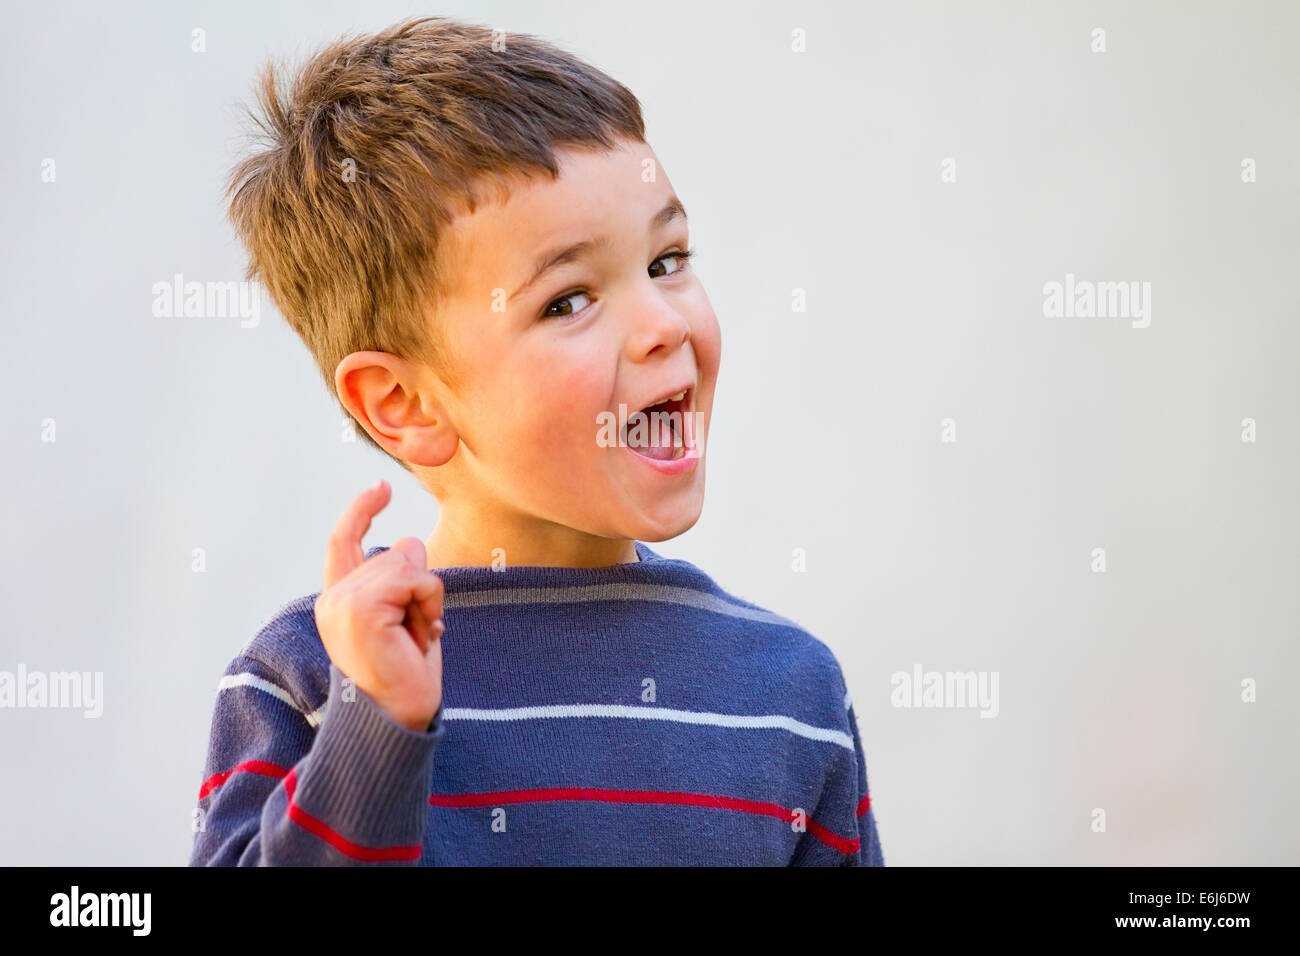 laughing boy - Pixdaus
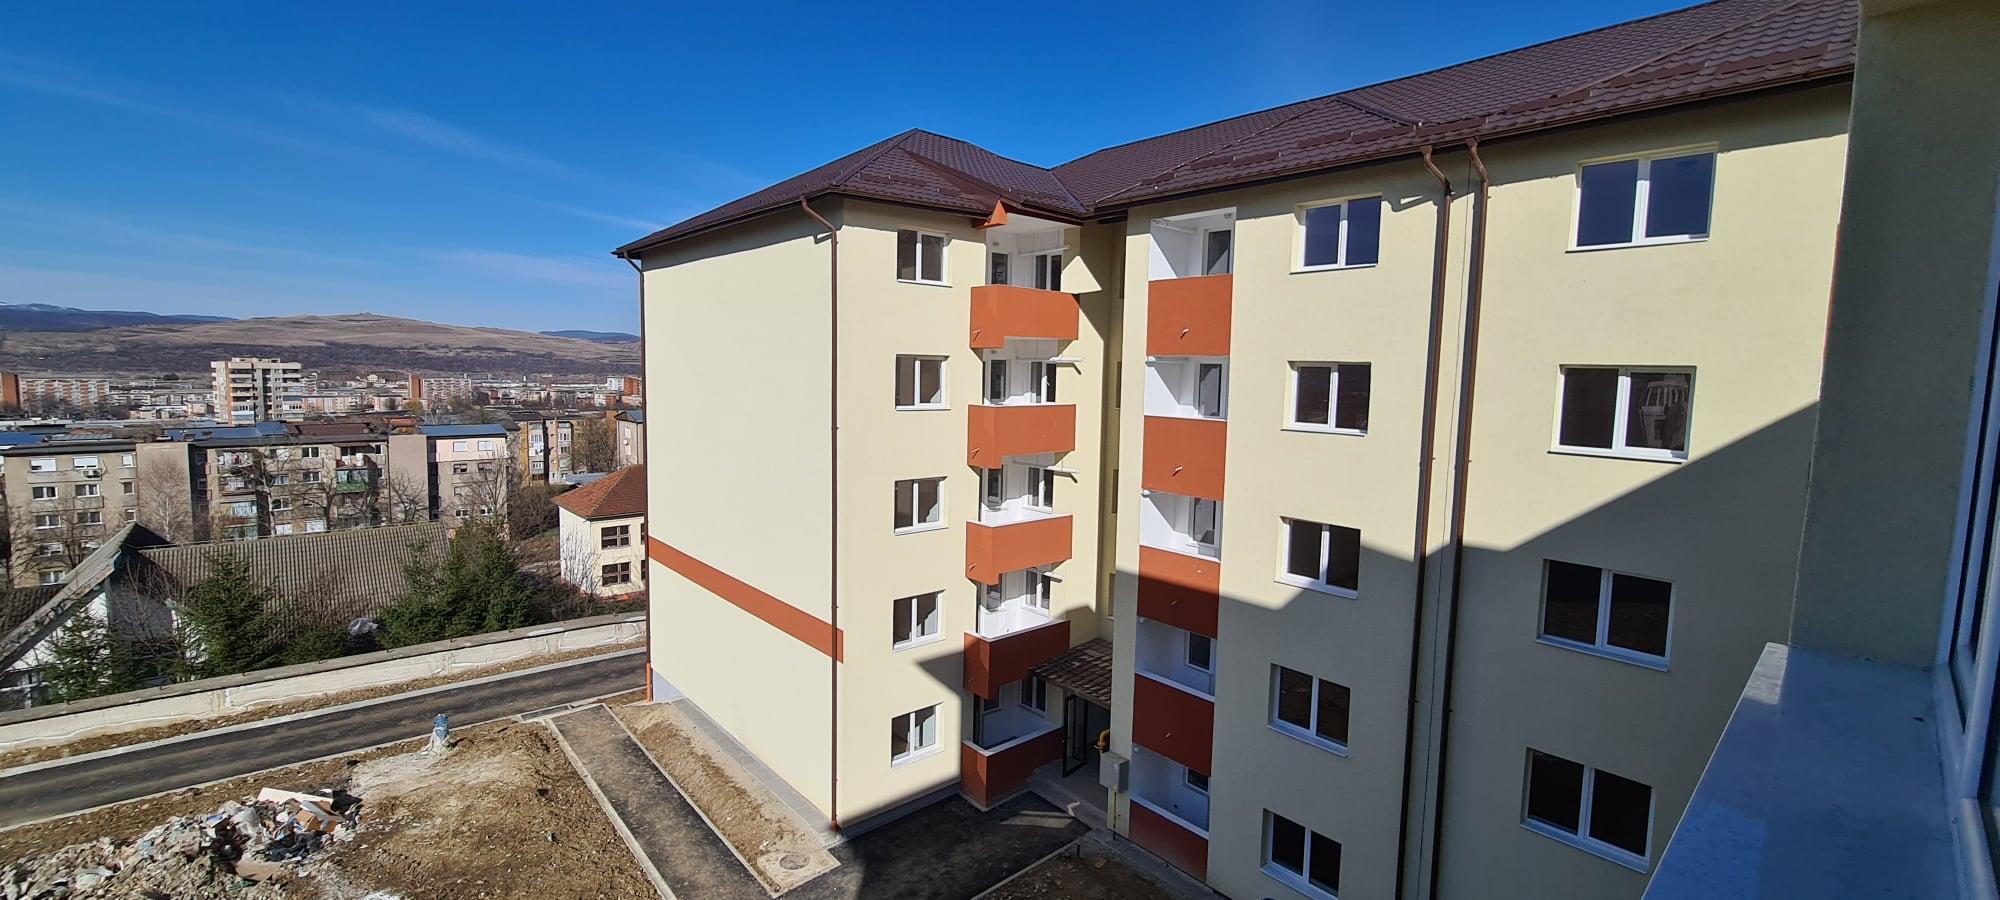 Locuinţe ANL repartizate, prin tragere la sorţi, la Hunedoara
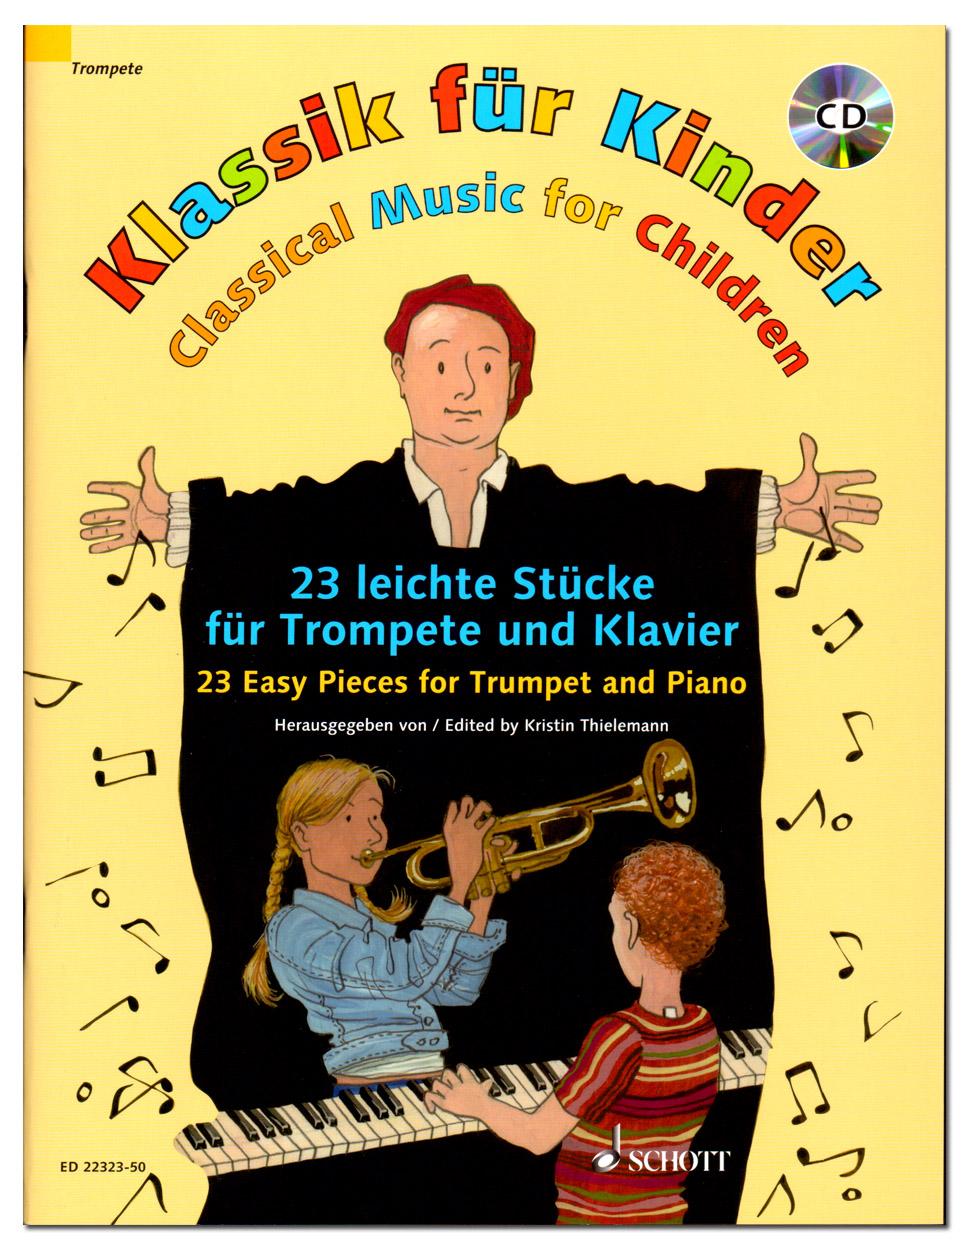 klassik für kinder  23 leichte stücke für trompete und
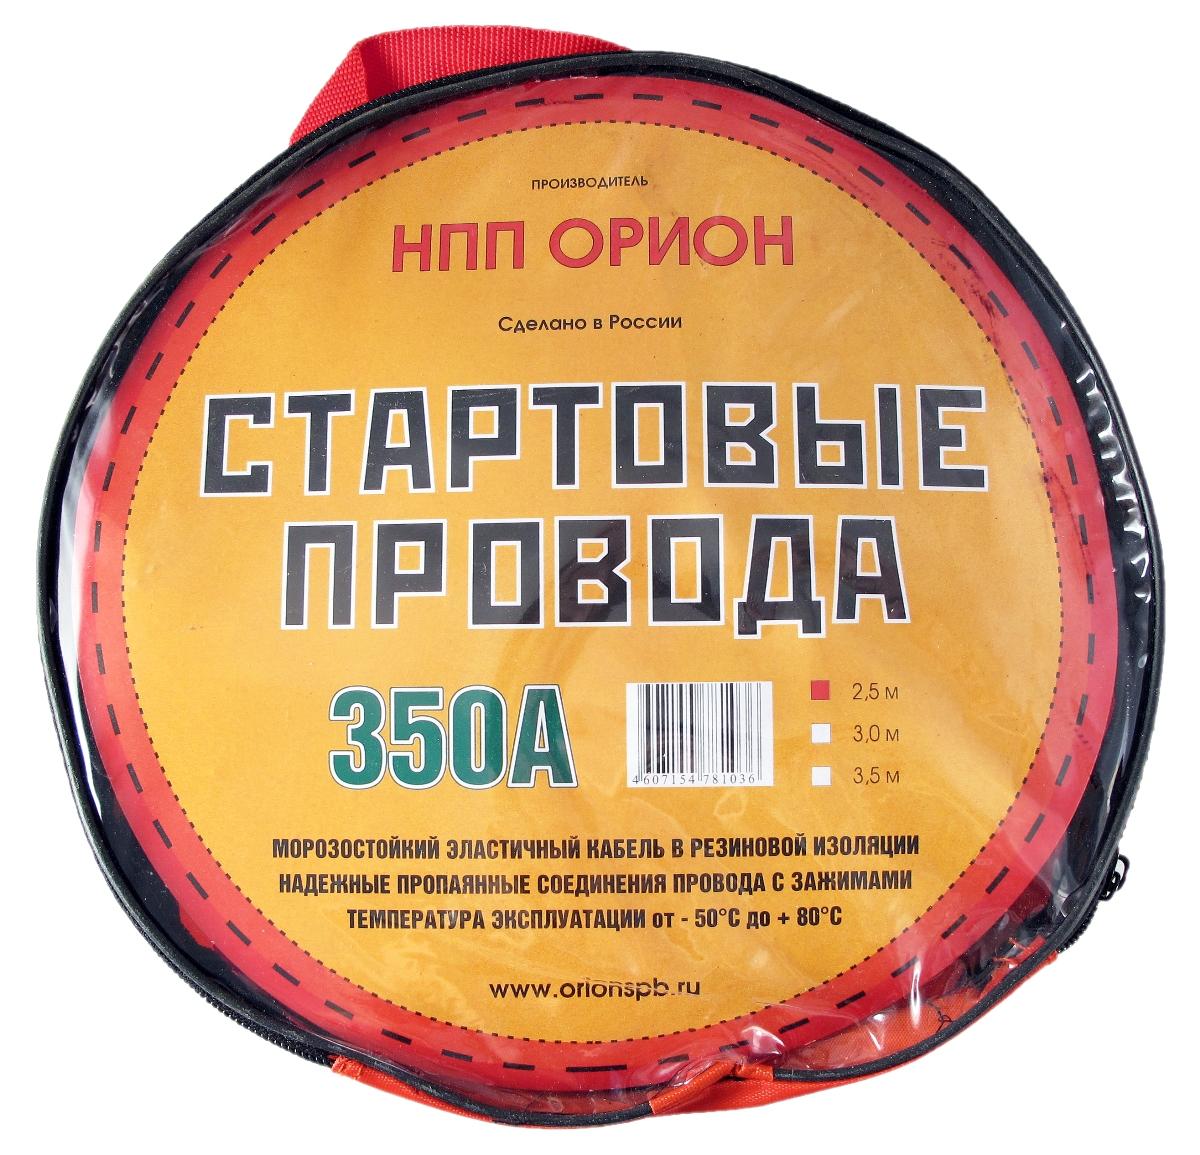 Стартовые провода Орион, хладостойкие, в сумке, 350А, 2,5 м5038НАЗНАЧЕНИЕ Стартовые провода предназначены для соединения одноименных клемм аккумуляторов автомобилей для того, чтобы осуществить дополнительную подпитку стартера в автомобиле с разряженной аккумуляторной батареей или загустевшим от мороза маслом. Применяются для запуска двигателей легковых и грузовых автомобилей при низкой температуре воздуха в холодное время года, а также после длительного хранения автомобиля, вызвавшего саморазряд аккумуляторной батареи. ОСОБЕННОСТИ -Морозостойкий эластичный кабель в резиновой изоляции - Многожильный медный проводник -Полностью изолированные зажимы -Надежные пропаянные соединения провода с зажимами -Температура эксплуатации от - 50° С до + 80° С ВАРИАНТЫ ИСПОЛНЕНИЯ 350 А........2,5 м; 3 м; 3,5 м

### WORK REQUEST:
Each line from the top of the material through the line containing "klassik für kinder" should be reproduced exactly; please drop any images.

### REPLY TO THE EXERCISE:
 laughing boy - Pixdaus
 Locuinţe ANL repartizate, prin tragere la sorţi, la Hunedoara
 klassik für kinder  23 leichte stücke für trompete und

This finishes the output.